* **PROBLEM DESCRIPTION**: The listing below holds pictures; exclude them. Return exactly the lines from the one with "Bellivera Classic Moto" through the one with "Women's volleyball player".

* **PROVIDED RECORDS**:
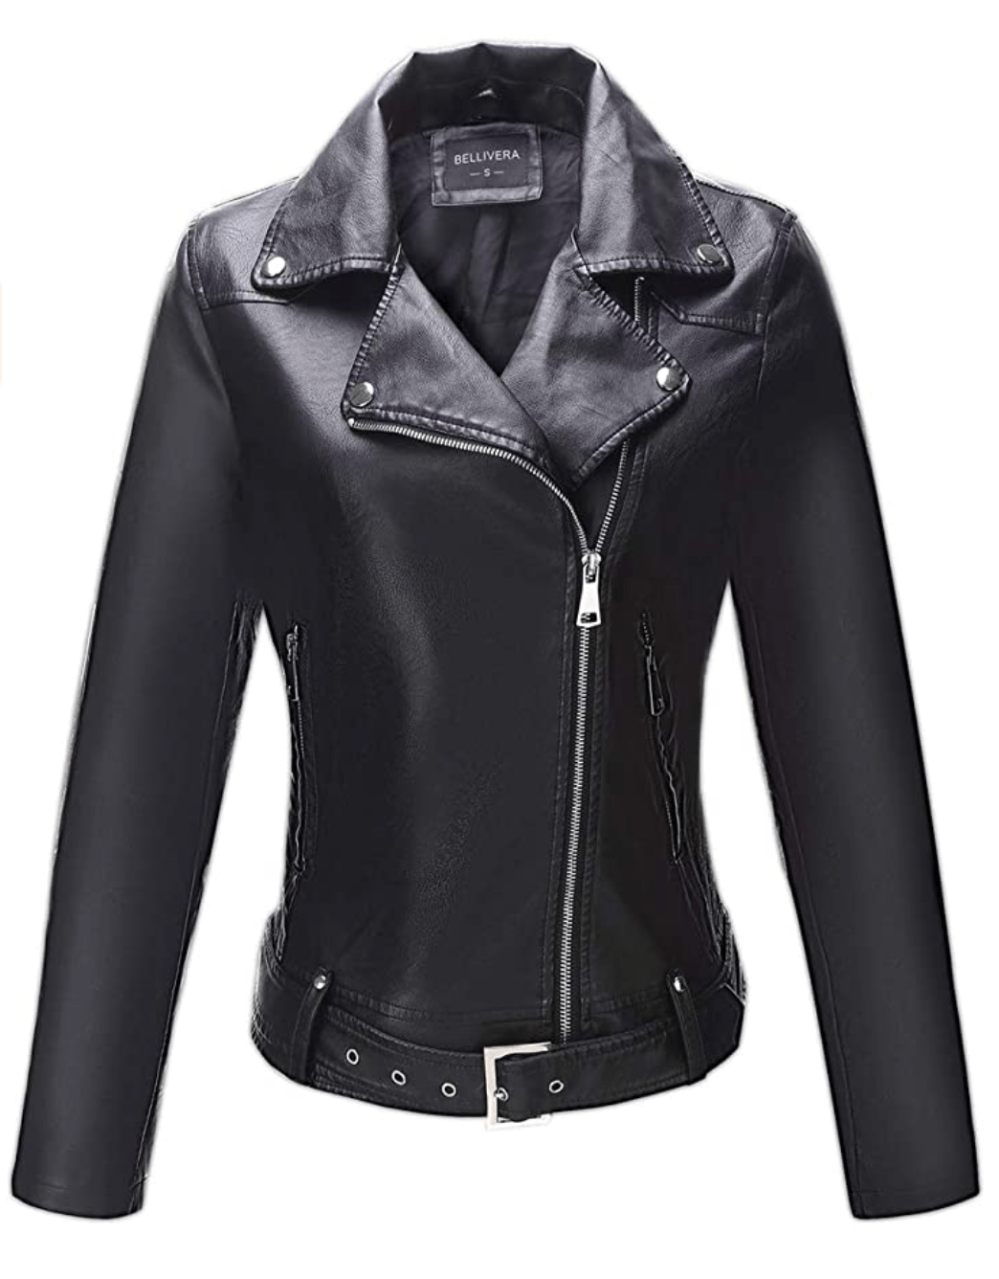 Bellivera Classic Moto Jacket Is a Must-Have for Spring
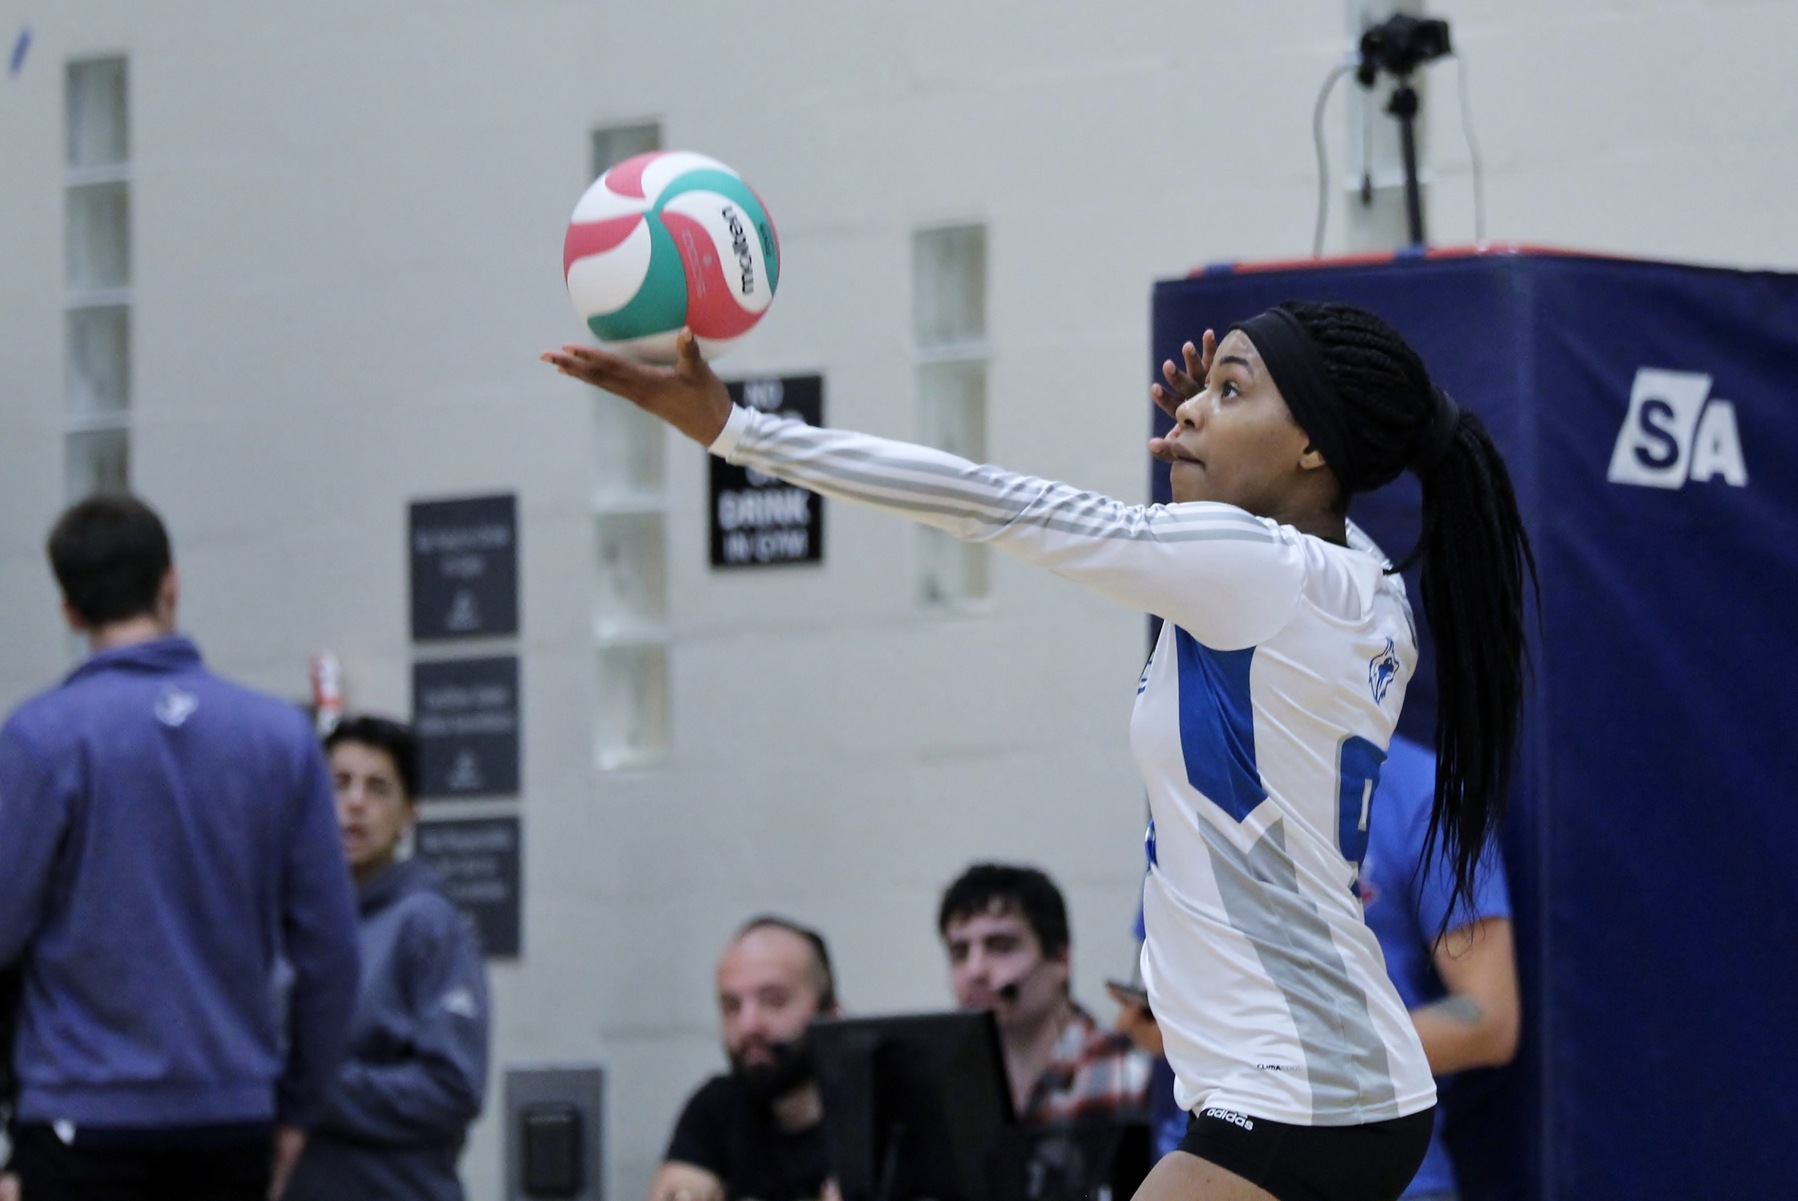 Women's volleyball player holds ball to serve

--

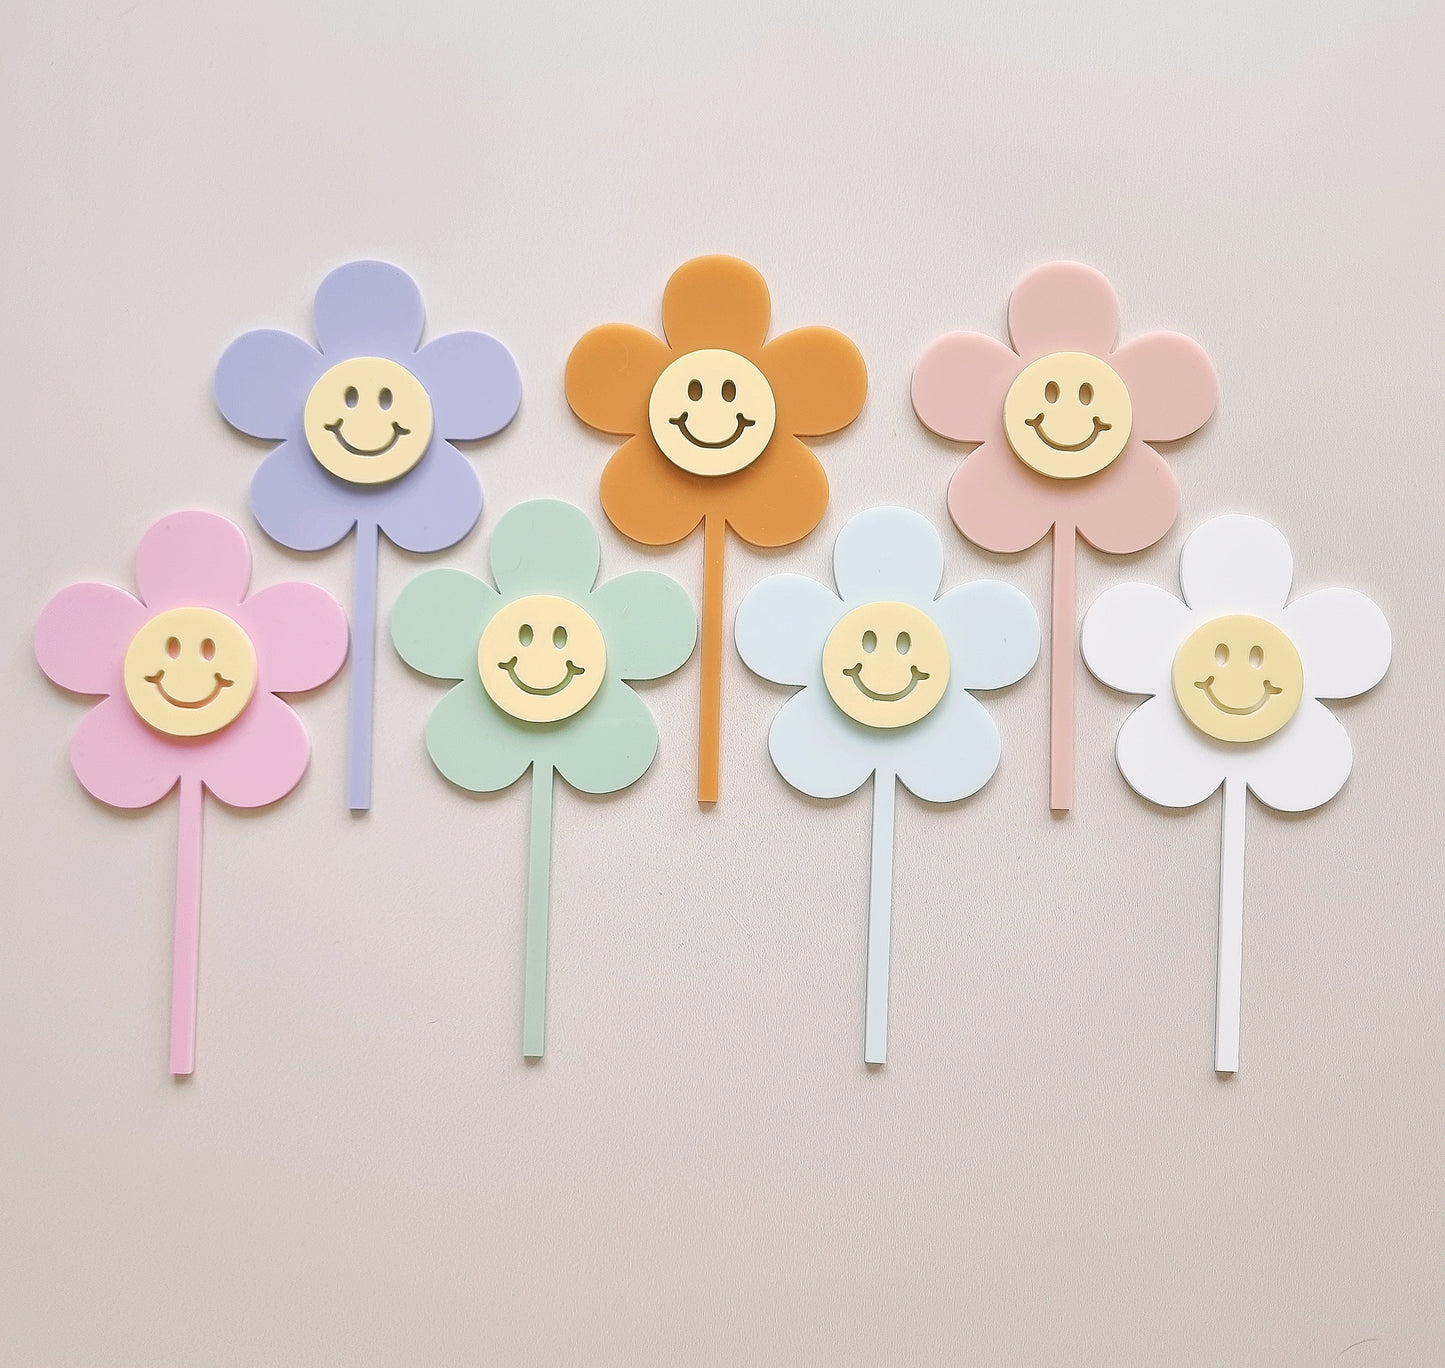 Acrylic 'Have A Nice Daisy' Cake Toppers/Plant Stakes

* **SOLUTION TO THIS EXERCISE**:
 Bellivera Classic Moto Jacket Is a Must-Have for Spring
 Women's volleyball player holds ball to serve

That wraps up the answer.